After my mother explained to me why I bought it, she remembered that she had some old things in the attic that I might like to take back to New York.  There was a painting of an old battleaxe that had been my grandmother’s mother, and I could have it if she could find it.  Later, rooting around the attic together, we discovered more family treasures: portraits of my mother as a child, drawings my brother did of stick figures and motorcycles, and a photograph of an older gentleman with piercing blue eyes.  This was my great grandfather, Norval.  The only thing I know with any confidence about Norval is that my name comes from the first letter of his name, and that I’m thankful that that is as far as it goes.  He is mostly a myth in my mind, a tangle of stories that I’ve collected from my father, his brother, and my grandparents, when they were alive.  He taught himself law by reading as an editor somewhere.  He would have become the Governor if he hadn’t gone to jail for forging a check.  When he was 35, he married a woman half his age who was the daughter of a poor mining family that literally lived on the other side of the tracks in Sullivan, Indiana.  I had never seen a photo of him before.  And seeing him now, I was surprised that he was human.

I piled the photo with the rest of the things that I wanted to take with me.  I would have to ask my father for permission to take it.  It was one of the only photographs of Norval that the family still had.  When my father saw it that evening, he told me that I should call his aunt Mary Ann to learn about who Norval was.  And I still plan on phoning her, even though it’s now midnight and three days after the deadline has passed for submitting this writing.

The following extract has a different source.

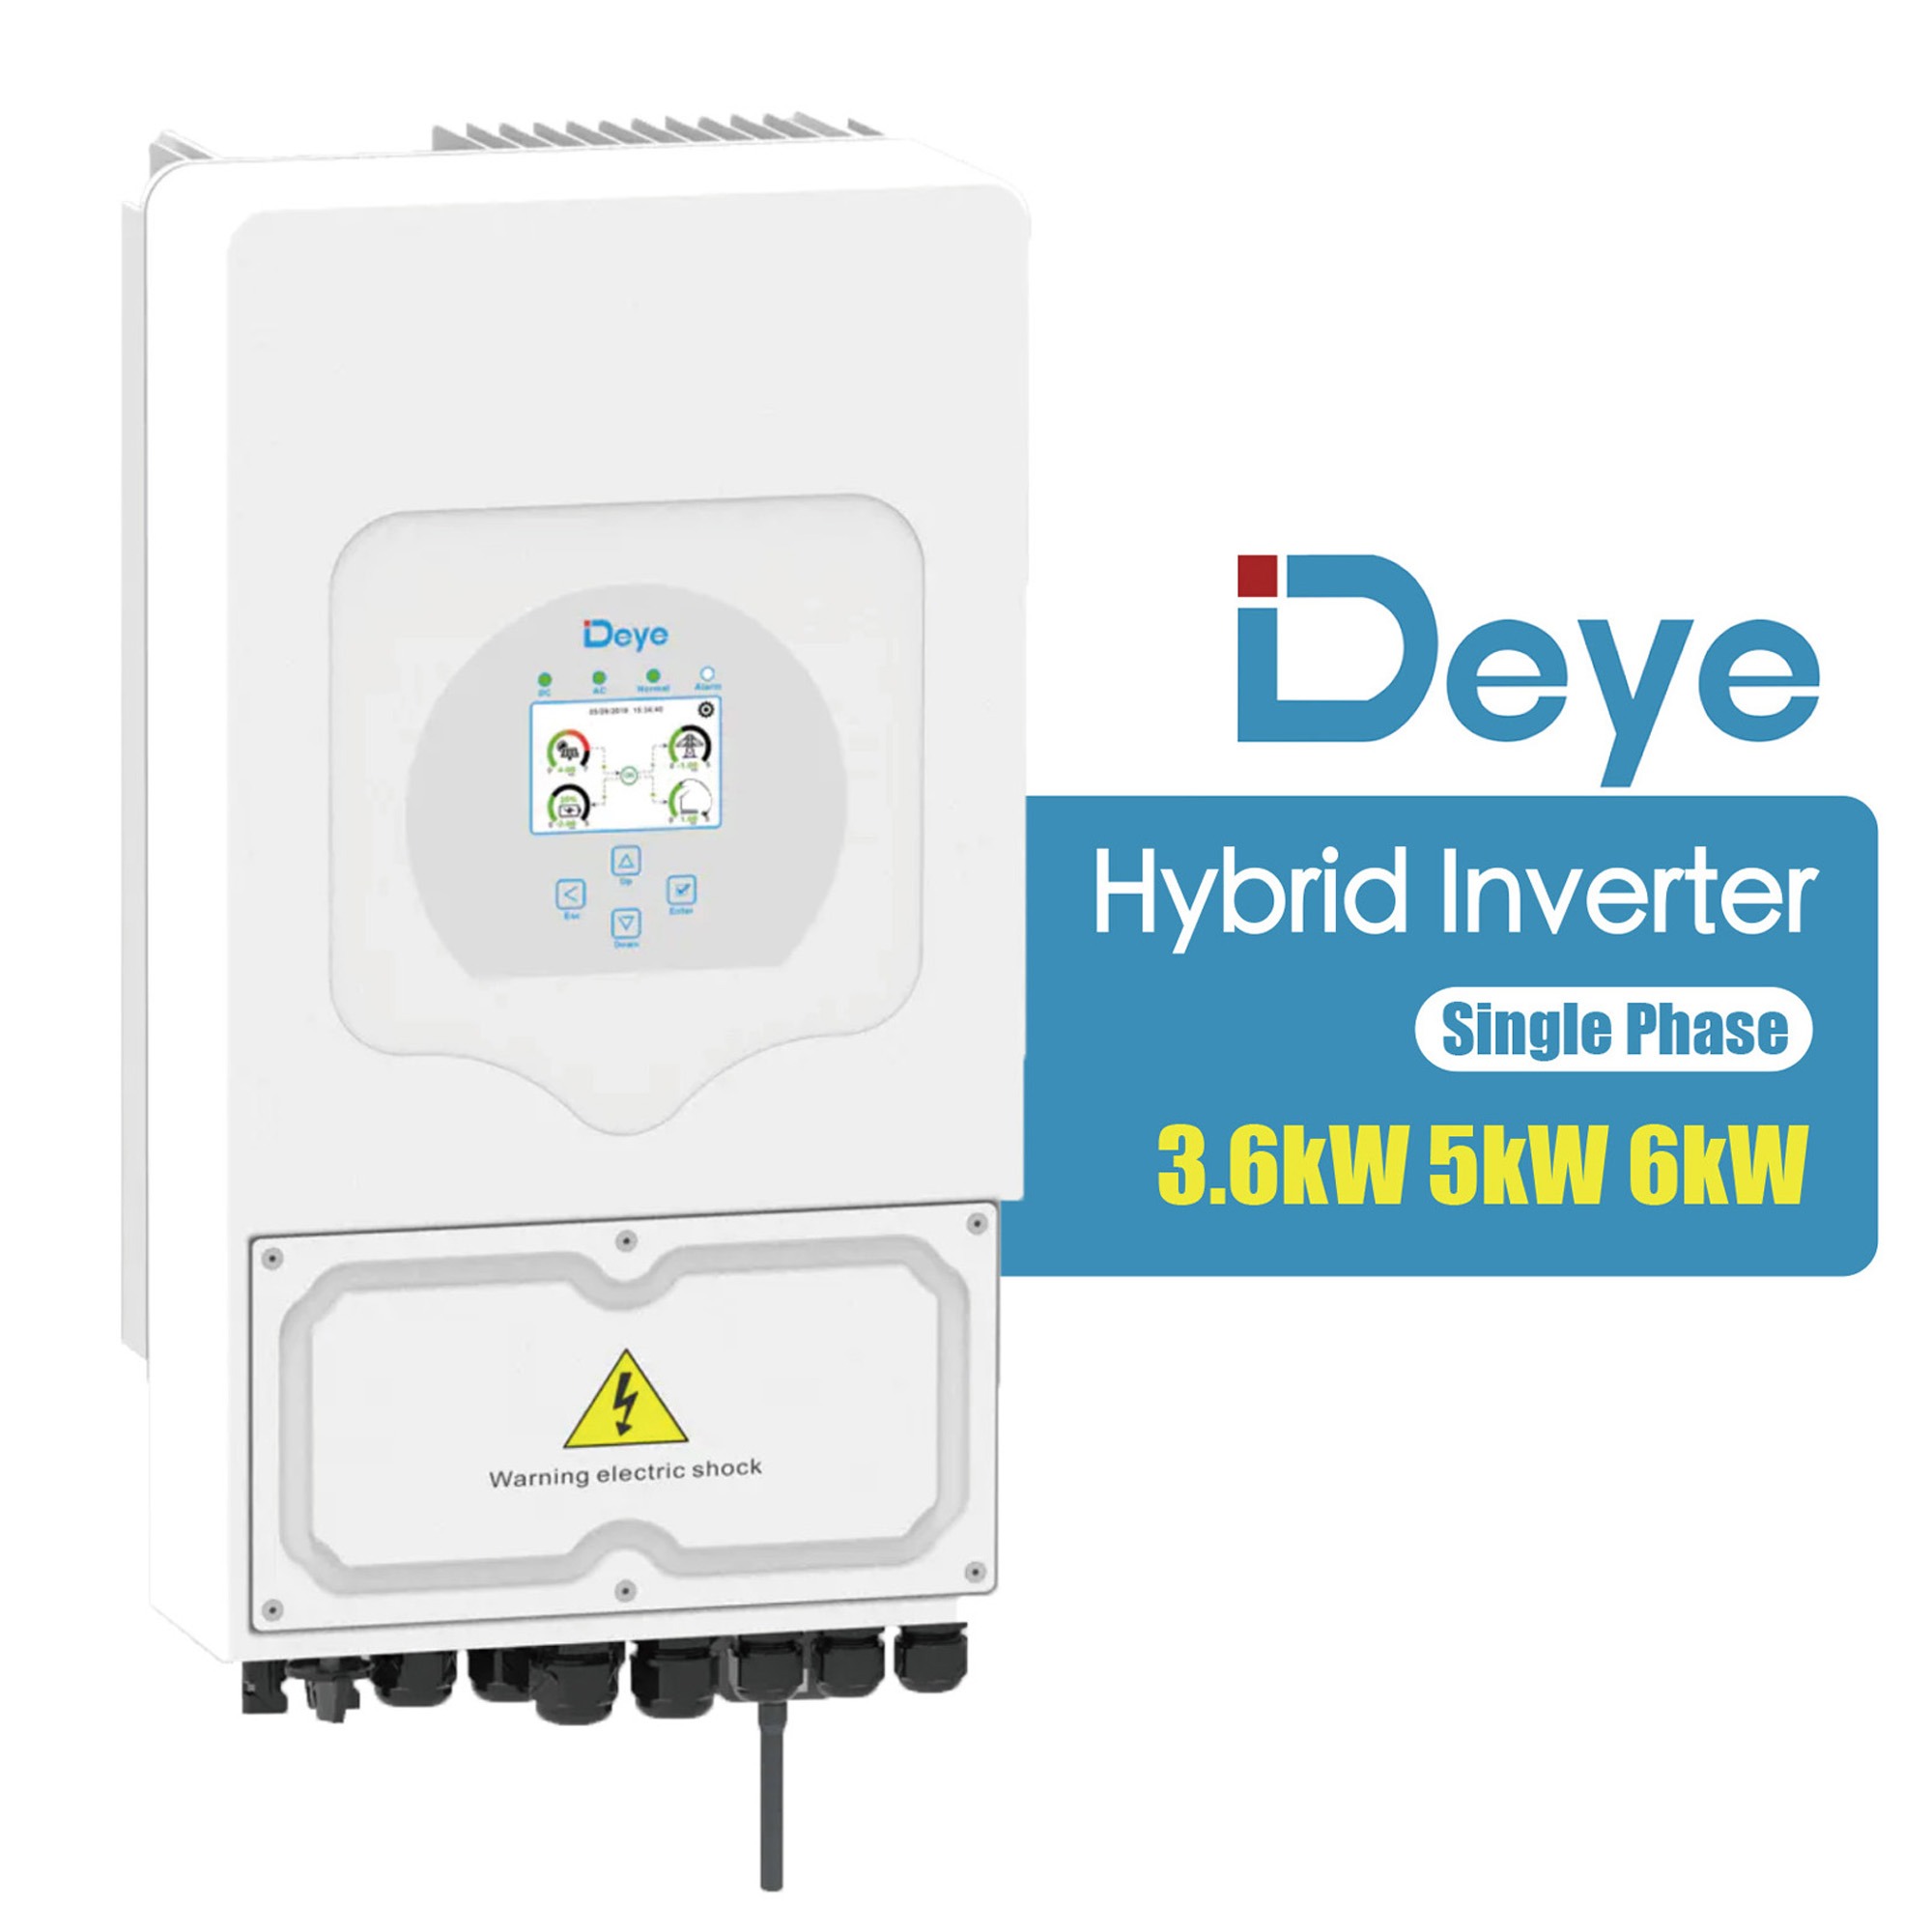 Deye Hybrid Inverter

I need to finish soon.  I know this story is too long to read, and maybe it’s not even so readable – a tangle of thoughts, some scraps of memory, a few intelligible notes from songs I used to sing.  But maybe that’s how stories work: you find yourself in the space between words and make sense from what you know.  I don’t know much about my name or where it comes from, and I don’t know what makes the world sing to me or even where my place in it is.  Often, I feel lost.  Like I’m tied to this bundle of things that I can’t call my own – carrying myself through a jumbled world that exists somewhere between history and remembrance.  And I don’t know why, but I haven’t found much of a reason to name it, to define it, to call it something.  I doubt very much that there’s a purpose to anything.  It’s not like I think that I was led by providence through that field to the photograph of miners to the stories with my parents to the profound love that I have now discovered for my family.  I don’t.  But there’s something beautiful about my name now that I never noticed before.  Now it means something new.  Now I realize that my name was a gift given to me by my family, and, through writing, I have unwrapped its stories to discover what’s inside.